So, what are the French people eating for dinner tonight? Odds are pretty good that it’s a Big Mac and fried potatoes that aren’t quite French. Critics who like to point out that the father of modern culinary art has lost his edge in the kitchen often cite the fact that France is now the number two retail market in the world for McDonald’s.
Not everyone is ready to throw in the towel. Certainly the French don’t eat like they used to, but who does? Butter and cream sauces, the way Julia Child learned to cook, are off the menu just about everywhere these days, although the new movie about Child and copycat blogger Julie Powell might help classic French menus rally for a short time (I had to satisfy a sudden craving to visit French American Brasserie). USA Today asked Le Bernardin chef/owner Eric Ripert and French Culinary Institute founder Dorothy Hamilton and both insisted that French cuisine is not dead, but evolving. Still, according to the 2009 Zagat survey, French cuisine is only the fourth most popular in America, outranked by Italian, Japanese and American, whatever the hell that is. Actually, I read a report in the Independent recently that sales of butter were up nine percent last year in England and are expected to surge another six percent this year. Really?

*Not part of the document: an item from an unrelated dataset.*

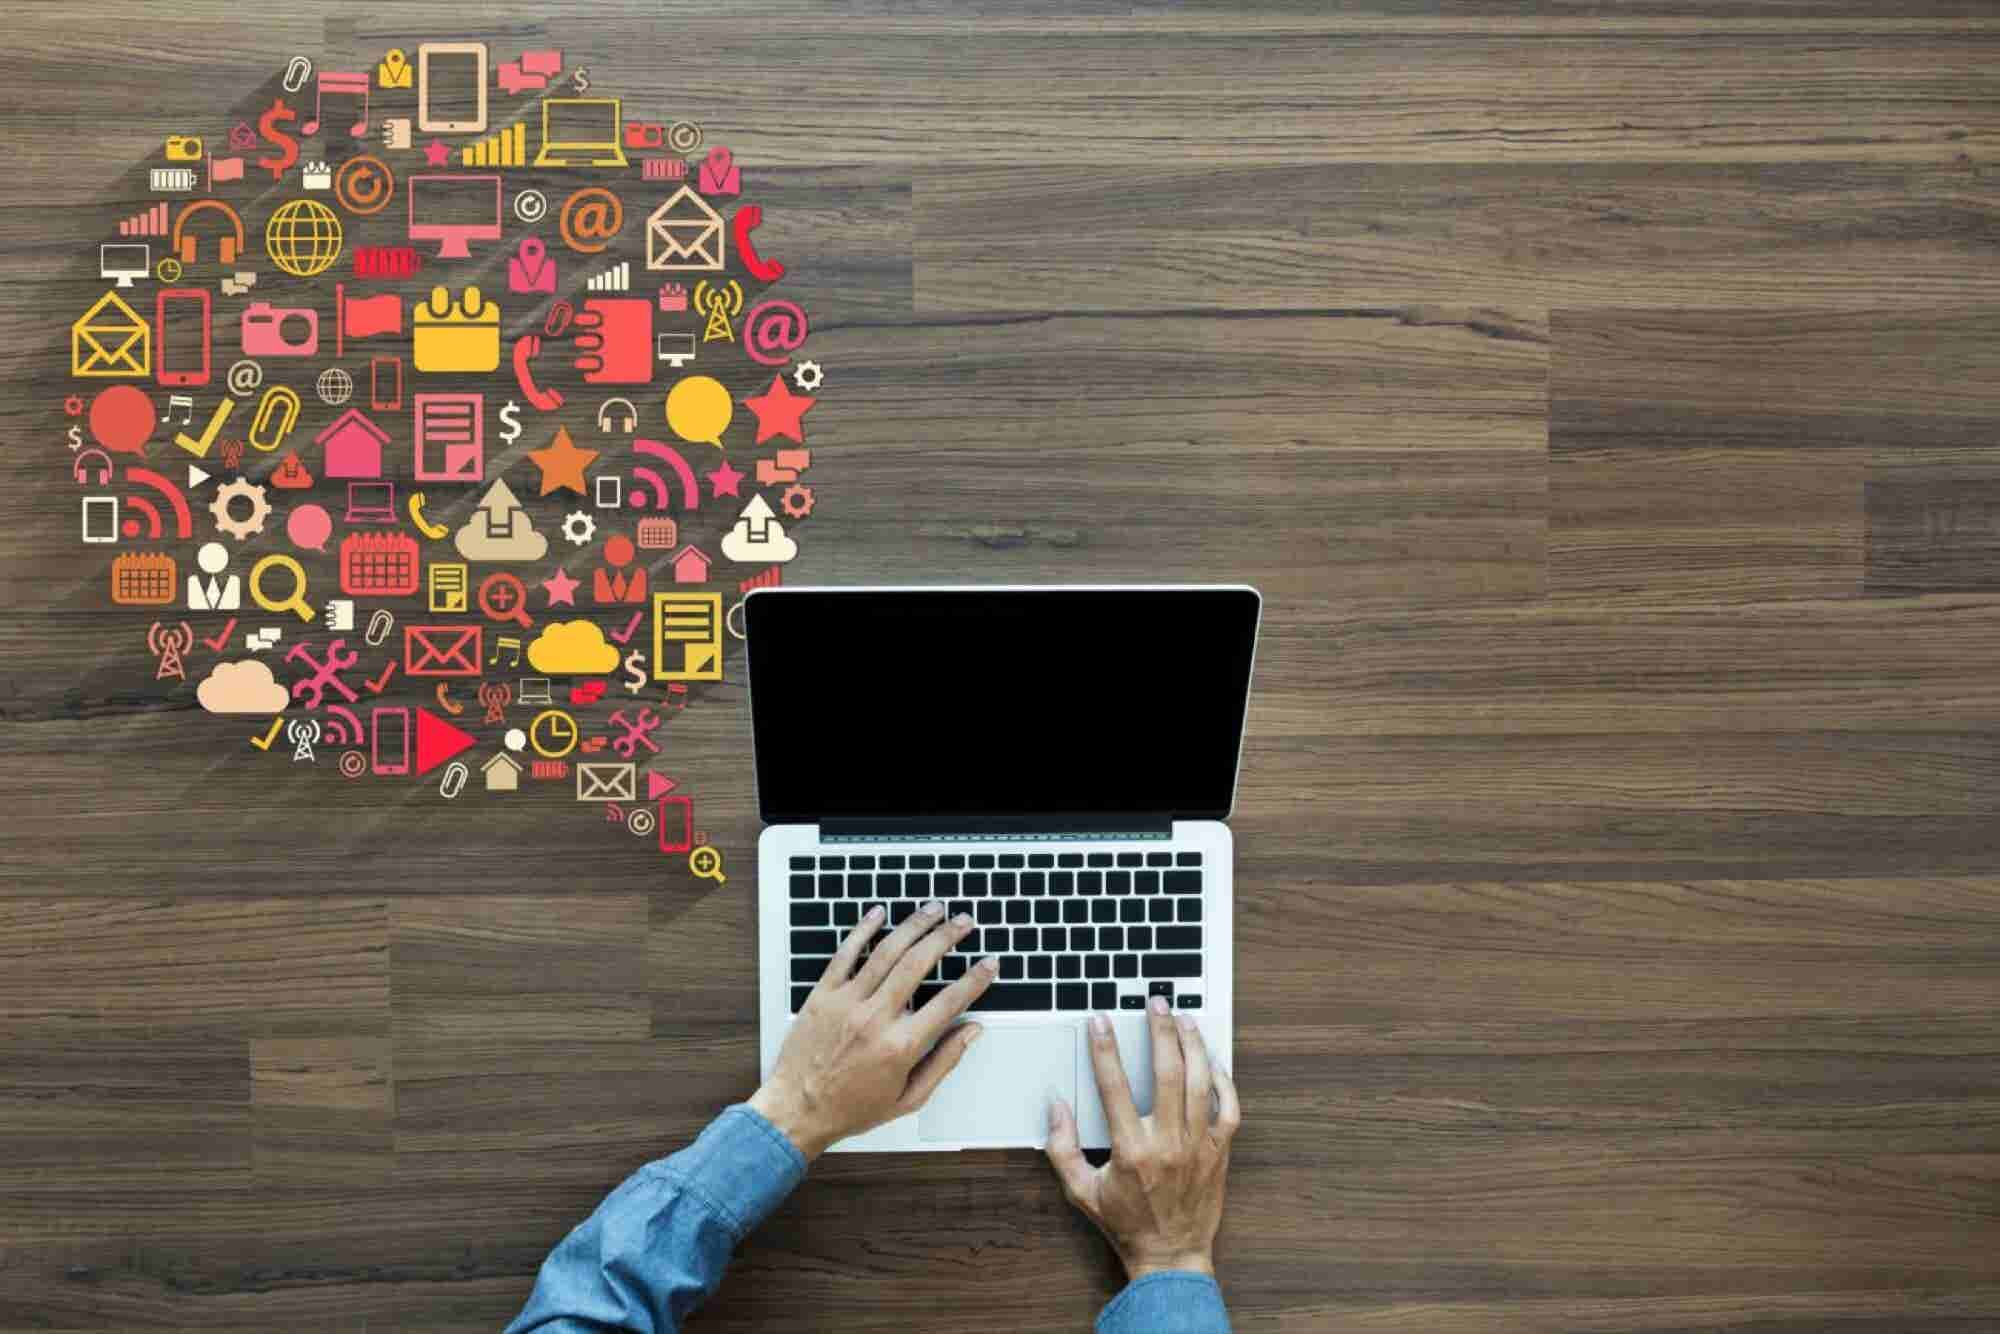 5 Crucial Ingredients of a Successful B2B Digital Marketing Strategy
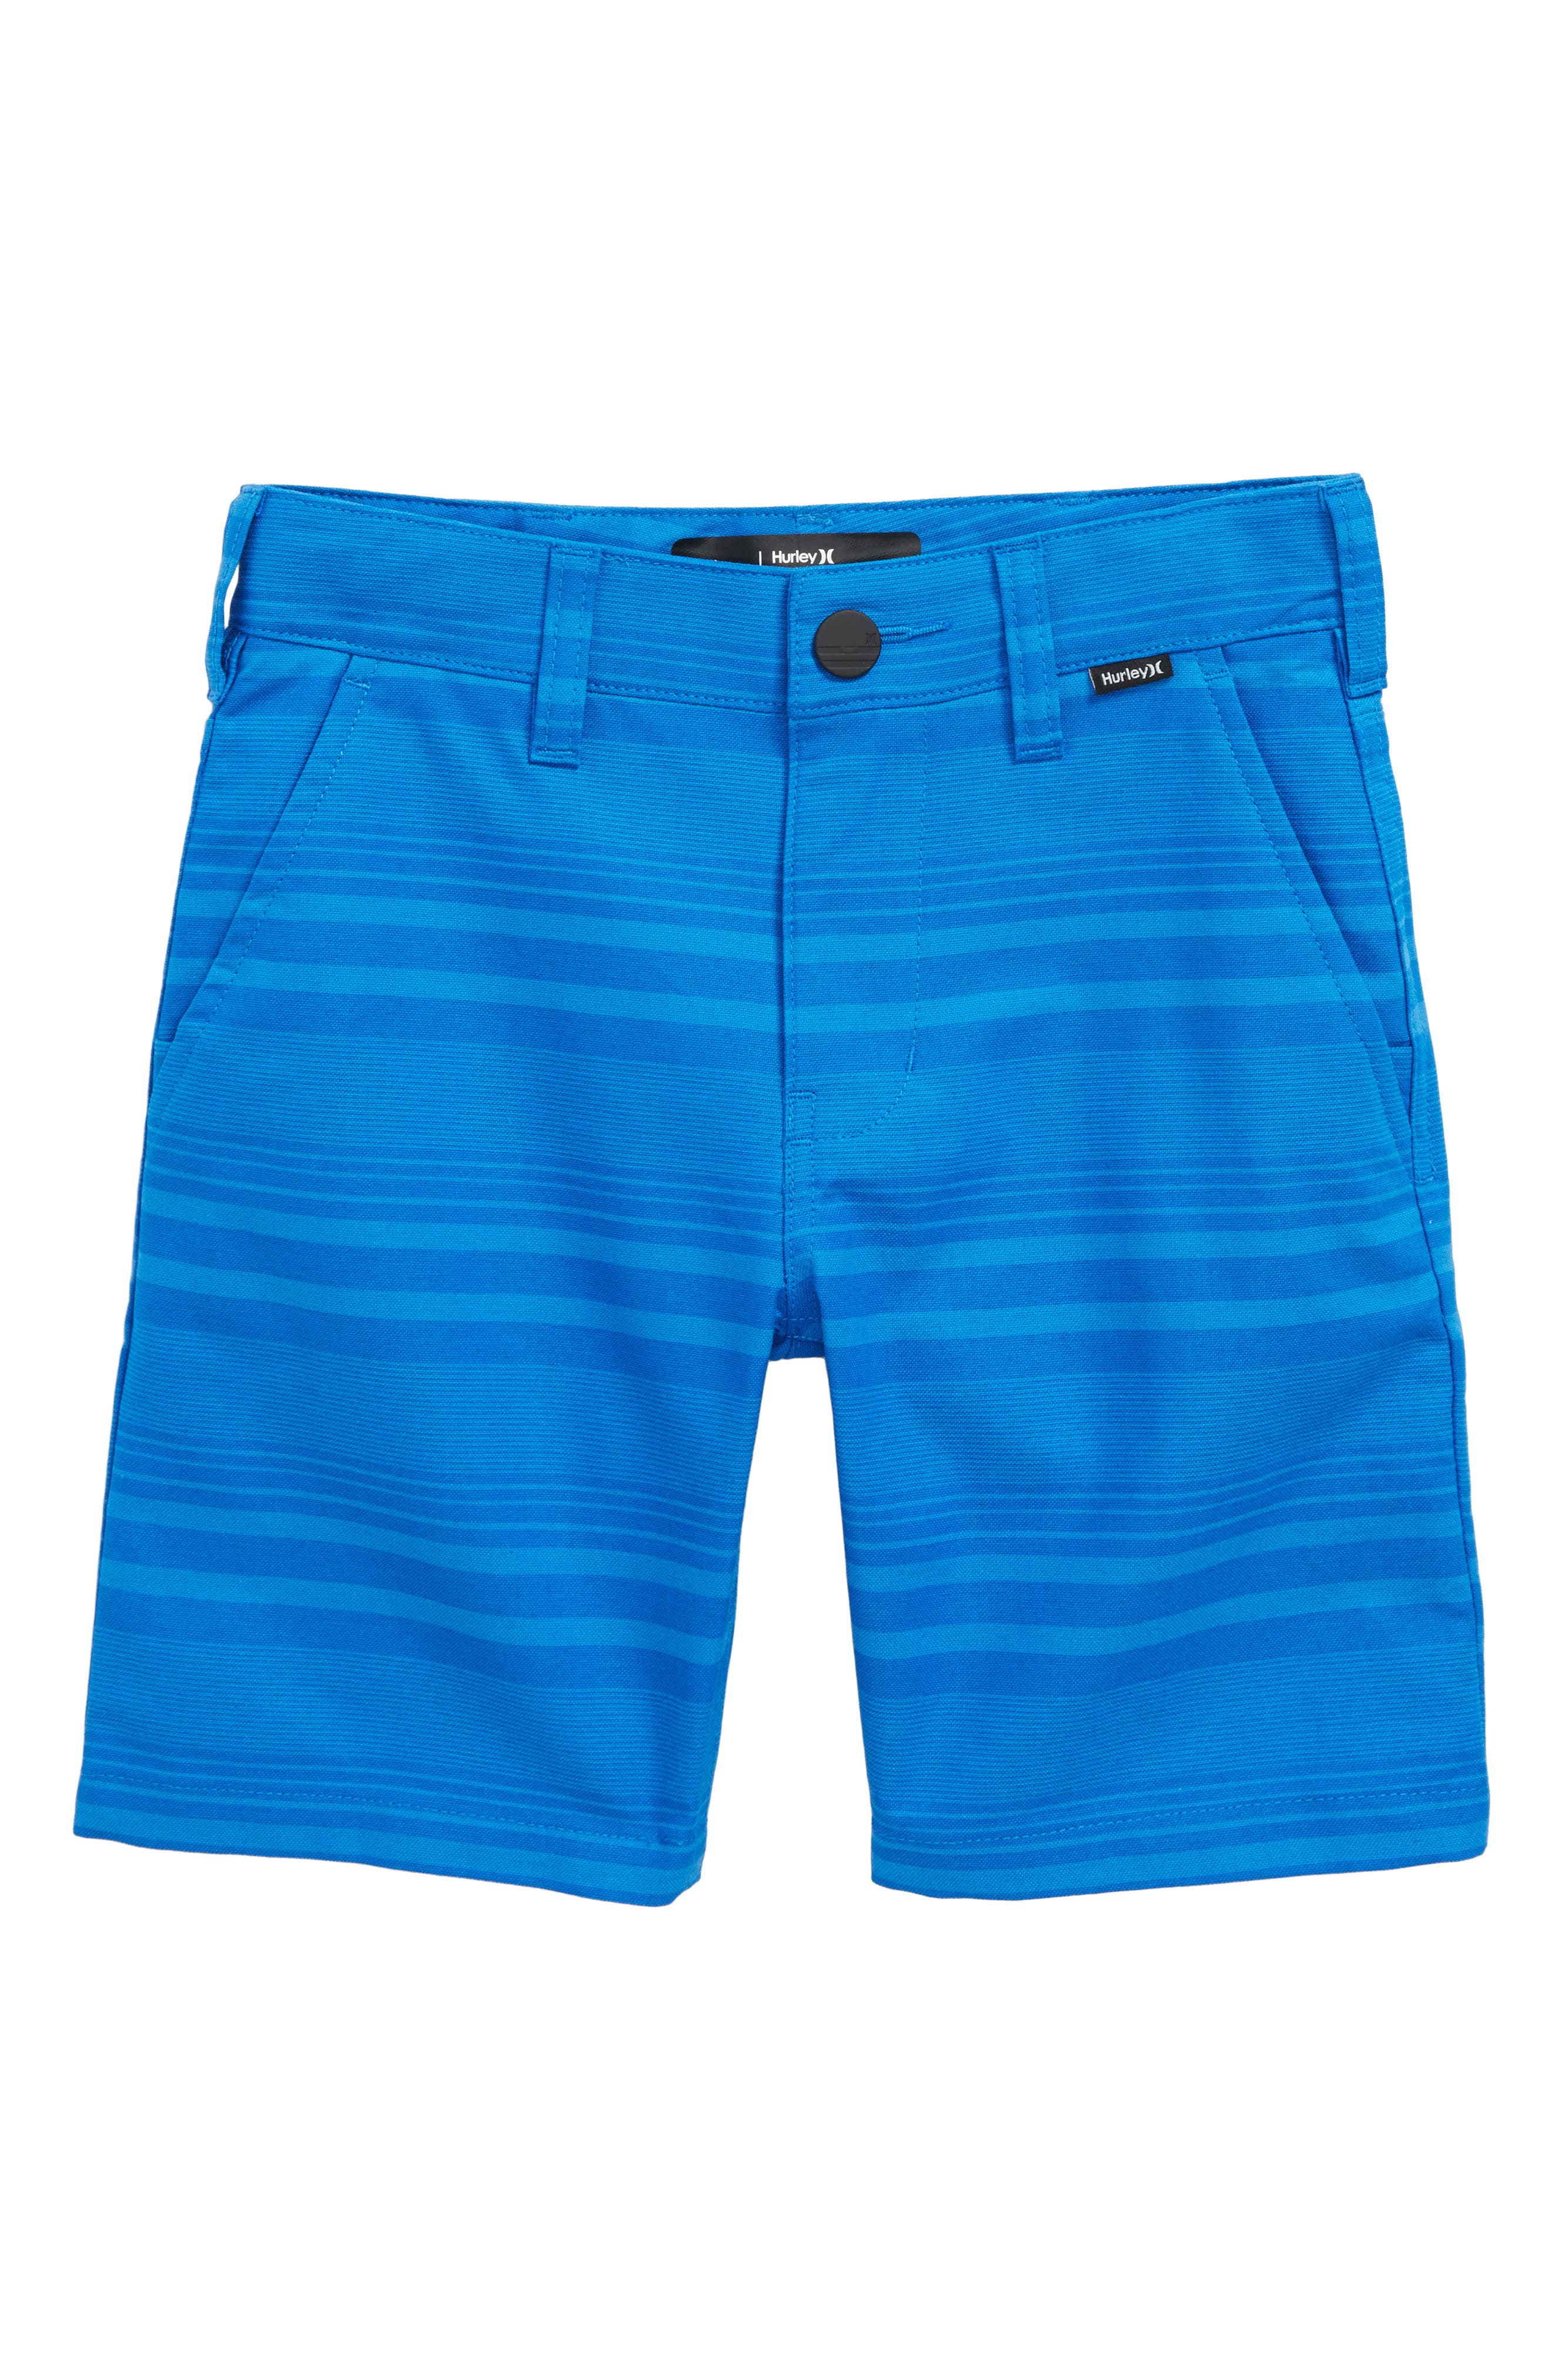 Jones Hybrid Shorts,                             Main thumbnail 1, color,                             Fountain Blue

One of the reasons often cited for the changes in French eating habits is increasingly tight household budgets. We’re all looking to feed ourselves more cheaply. Germany has boasted Europe’s strongest economy, but fine dining establishments there have been shuttering their doors in staggering numbers, especially the ones that catered to corporate guests. German government statistics indicate restaurant turnover has dropped between three and nine percent per month since the beginning of the year.
You’d think the economic gods might cut you some slack if you’re a big television star, but lately it’s been a real kitchen nightmare for the Gordon Ramsay empire. Faced with a recommendation that he file for bankruptcy, the devil of Hell’s Kitchen has relinquished control of three of his restaurants, fired 15% of his employees and has blown off the high end cuts of beef for brisket. According to The Wall Street Journal, Ramsay and his father in law have pulled millions of dollars out of savings to keep the entrees moving. Nice job, Gordo. Now take your dozen Michelin stars and piss off. 🙂
Today’s lesson: Times are tough, and everyone is looking for ways to cut corners. But be careful what you put in your mouth. You might think you’re saving money by eating stuff out of a box or wolfing down a fast food meal. But there’s a good reason many Americans are overweight, and suffering from heart disease, stroke and diabetes in record numbers. Save a few pennies now, pay for it later at the hospital. Look at the larger picture. Some corners are not worth cutting.